Learning Objectives - Associations between two variables

Use the decision process depicted in the Field textbook to choose a measure of association between two variables:
- continuous variables, linearity and normality assumed, no outlier issues: Pearson's r
- ordinal or continuous variables, assumption violations and outliers okay:
  - if ties in ranking are not a concern: Spearman's rho
  - if ties in ranking are a concern: Kendall's tau
- nominal variables: Contingency coefficients or Cramer's V
Measuring associations with more than two variables:
- Partial, Semi-partial correlation, "third variable" issues
- The rest will come in the class meeting on multiple regression
Extra Time: same correlation coefficient, different associations

Step 1 - Get organized

make a folder for today's activity
make a "data" folder (inside the project folder)
- Download the data file lumos_subset.csv and place it in your "data" folder
make an "spss" folder (inside the project folder)
- save your spss files

Step 2 - Import data

data description:
This is subset of a public dataset of Lumosity (a cognitive training website) user performance data. You can find the publication associated with this data here:
Guerra-Carrillo, B., Katovich, K., & Bunge, S. A. (2017). Does higher education hone cognitive functioning and learning efficacy? Findings from a large and diverse sample. PloS one, 12(8), e0182276. https://doi.org/10.1371/journal.pone.0182276

this data subset includes only the arithmetic reasoning test (AR) score from a post-test at the end of a 100 day training program (raw_score)
pretest_score (test at start of the training program) has been transformed to have a mean of 100 and standard deviation of 15 (this is a typical transformation for IQ scores)
other variables are described below as needed

Import the data: Open SPSS and use File -> Import Data-> CSV or Text Data - now check the variable types and add labels if you wish. Careful! If you use "import text data" make sure you set the delimiter as "comma" (SPSS may automatically also treat "space" as a delimiter)

What to do next:

look at the format of the data file - each row has all measures for 1 individual ("ID" is the unique identifier)
set data types for columns as needed (gender, as nominal, ...)

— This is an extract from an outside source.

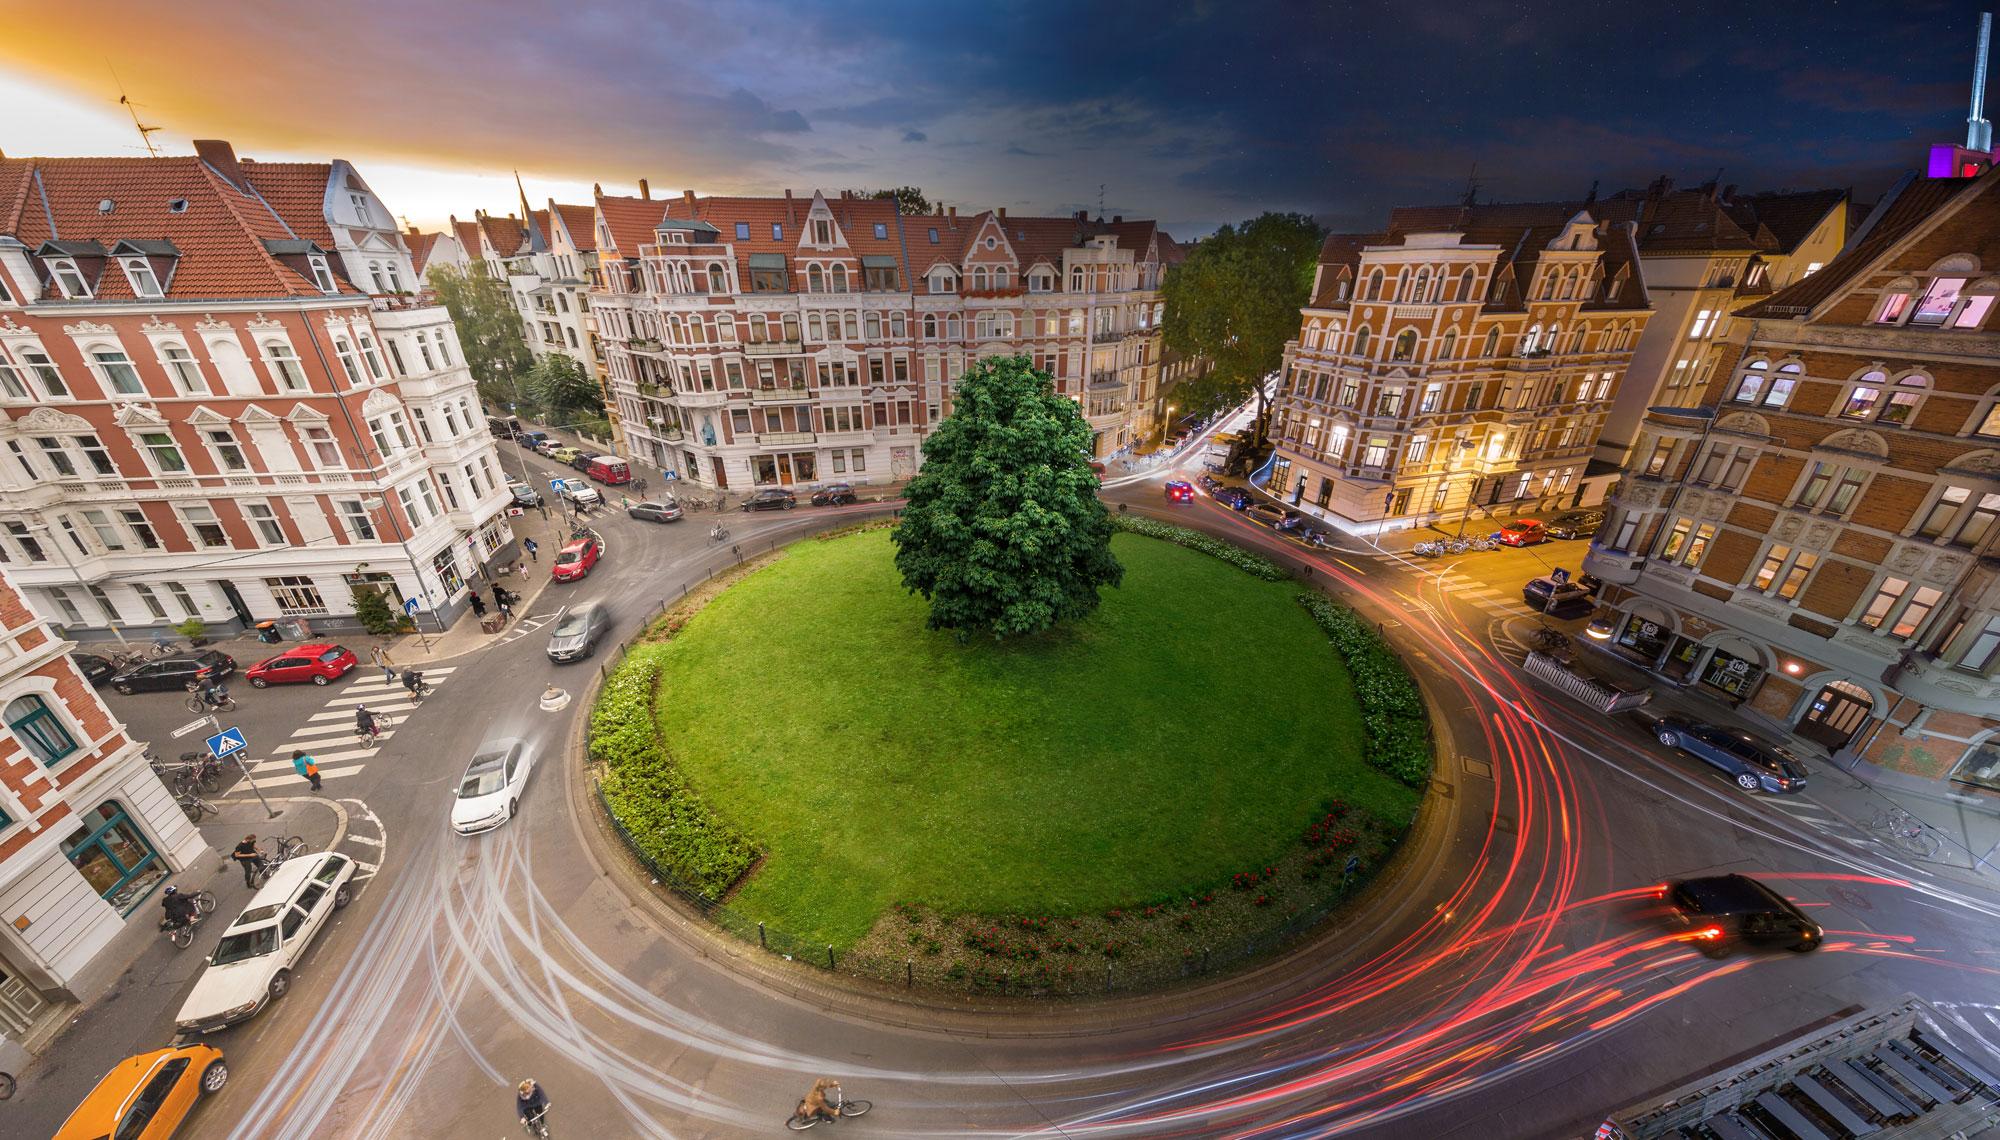 Lichtenbergplatz Linden Hannover Timelapse Hannover Timelapse

Step 3 - Pearson correlation

Let's examine the association between pre-test performance (`pretest_score`) and post-test performance (`raw_score`) -- they should be related, right?

Correlation Decision chart

Step 3.1 - First take a look at the decision chart above (Fig 8.6 from the Field textbook). We will start by taking a quick look at the distributions for `raw_score` and `pretest_score`, then we'll make a scatter of them together

Select only cases that have valid scores (greater than or equal to zero) for for both raw_score and pretest_score (use Select Cases - you should find that all rows have valid scores)
Make a histogram, bar plot, and Q-Q plot for each variable (like we did in week #2 - use Analyze->Descriptives->Explore (select "Normality Plots" and "histogram")
- are the measures distributed (approximately) normally? Consider the shape of the histogram, the number and location of outliers, and the distance of points on the Q-Q Plot from the diagonal.
- you may notice that the Statistical "Tests of Normality" give significant statistics, suggesting that the distributions significantly deviate from a normal distribution. But as noted in the Field textbook, any large sample (like this) is likely to give you a significant statistic even when the deviation from normality is minor. It is more important to look at the plots to assess the distribution.
Now make a scatterplot with pretest_score on the x-axis and raw_score on the y-axis
- use the Chart Builder (or any method you prefer)
- does the association appear linear? (we'll talk about this idea in discussion)

In the plots for both variables can see that they are approximately normally distributed, anyways we have a large sample (1000 observations) so, as stated in the decision chart above, we are not concerned. We should, however, pay attention to extreme values (outliers) that may have an overly strong influence on the correlation (these are often called high leverage outliers) and violate our linearity assumption - the scatter plot shows that the outliers fit the overall linear pattern.

Step 3.2 - Now that we are satisfied with the assumptions, compute a Pearson correlation coefficient, confidence interval, and null hypothesis test p-value (use a two-sided test).

Analyze->Correlate->Bivariate. Select the two variables, and check Pearson and two-tailed significance test.

What is the Pearson Correlation coefficient between pretest_score and raw_score? This is one measure of effect size (referred to as the correlation coefficient "r"). It can range between -1 to 1. The positive value indicates that individuals with a relatively high pretest_score tend to also have a relatively high raw_score.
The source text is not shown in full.